Self-Attention-Based Contextual Modulation Improves Neural System Identification
Isaac Lin, Tianye Wang, Shang Gao, Shiming Tang, Tai Sing Lee
TL;DR
Self-Attention-Based Contextual Modulation Improves Neural System Identification investigates how SA can augment CNNs to predict macaque V1 responses to natural images. The study demonstrates that a simple SA layer, when paired with a CNN and trained with an incremental learning protocol, improves both Pearson correlation of the predicted tuning curves and the ability to predict peak tuning, compared to a parameter-matched baseline. By factorizing contextual modulation into convolutions, SA, and a readout, the authors show that local receptive-field information dominates overall tuning, while surround information is essential for accurately predicting the strongest responses; incremental learning helps separate these contributions. The combination of SA and a fully connected readout yields complementary benefits, and incremental training highlights center-surround interactions that resemble early visual processing. These findings advance understanding of surround modulation in cortical computation and point to data-efficient strategies for neural prediction models.
Abstract
Convolutional neural networks (CNNs) have been shown to be state-of-the-art models for visual cortical neurons.

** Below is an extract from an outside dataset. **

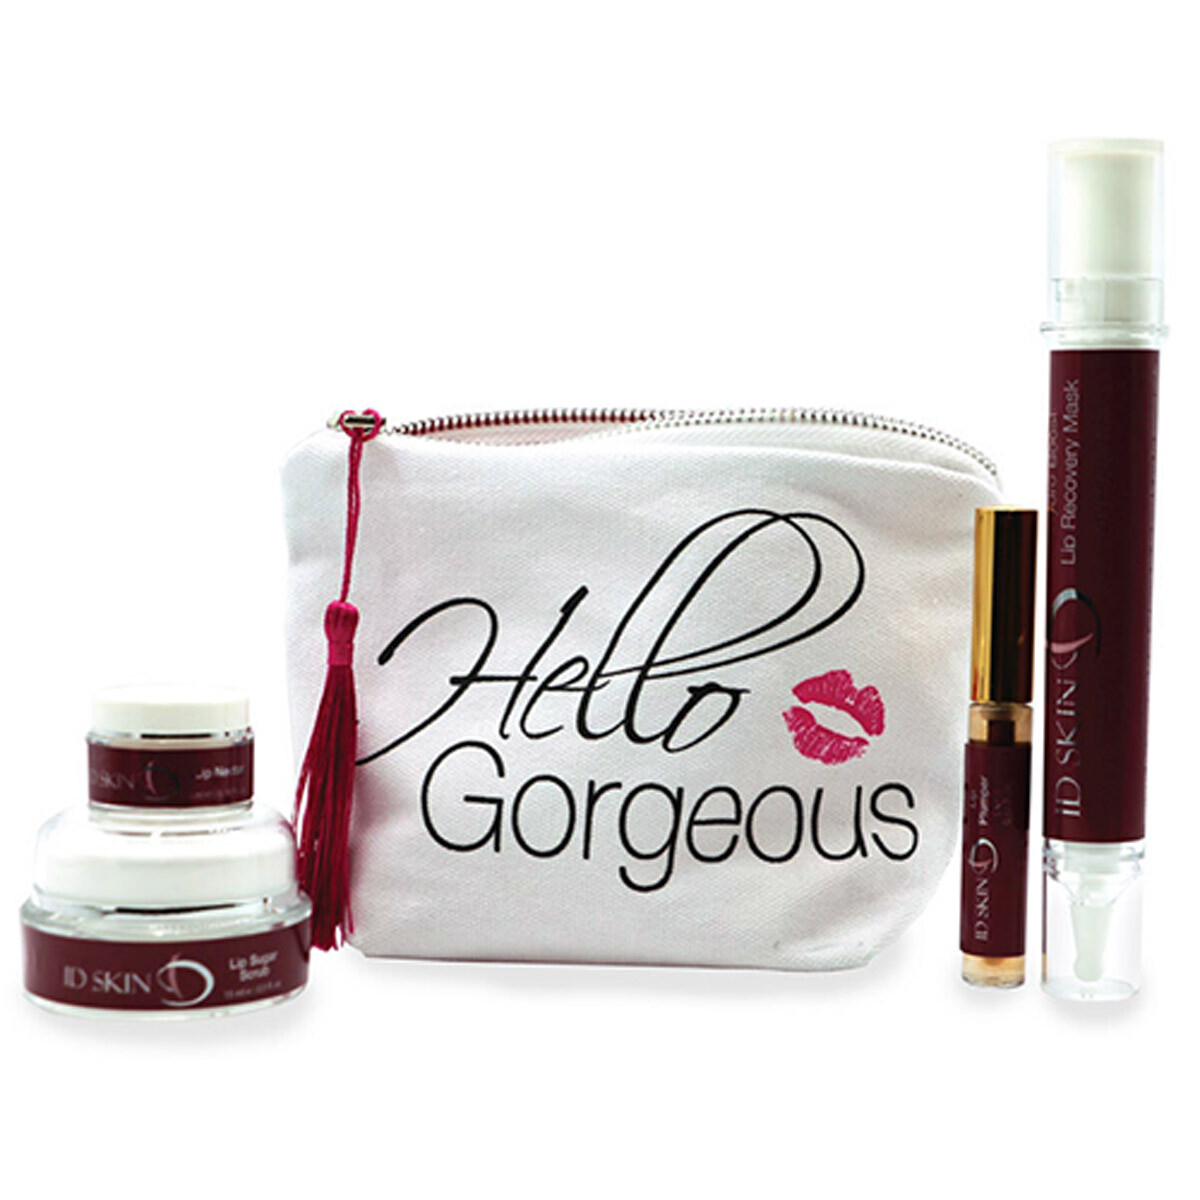 Lip Care Kit Professional skincare products for estheticians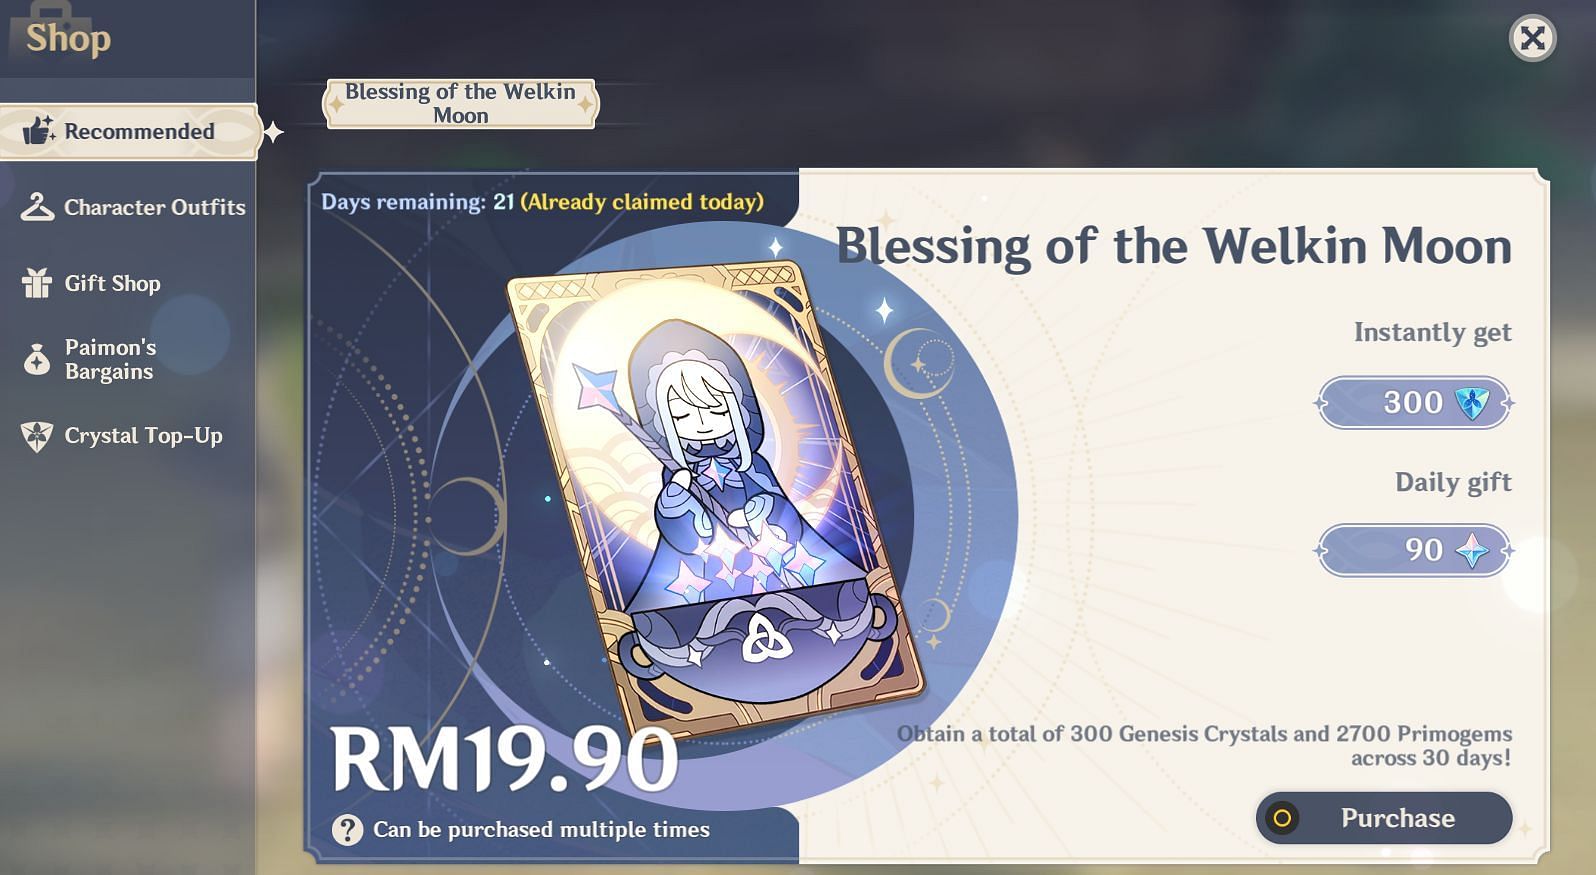 Blessing of the Welkin Moon in Shop (Image via Genshin Impact)

Cortical neurons in the primary visual cortex are sensitive to contextual information mediated by extensive horizontal and feedback connections. Standard CNNs integrate global contextual information to model contextual modulation via two mechanisms: successive convolutions and a fully connected readout layer. In this paper, we find that self-attention (SA), an implementation of non-local network mechanisms, can improve neural response predictions over parameter-matched CNNs in two key metrics: tuning curve correlation and peak tuning. We introduce peak tuning as a metric to evaluate a model's ability to capture a neuron's top feature preference. We factorize networks to assess each context mechanism, revealing that information in the local receptive field is most important for modeling overall tuning, but surround information is critically necessary for characterizing the tuning peak. We find that self-attention can replace posterior spatial-integration convolutions when learned incrementally, and is further enhanced in the presence of a fully connected readout layer, suggesting that the two context mechanisms are complementary. Finally, we find that decomposing receptive field learning and contextual modulation learning in an incremental manner may be an effective and robust mechanism for learning surround-center interactions.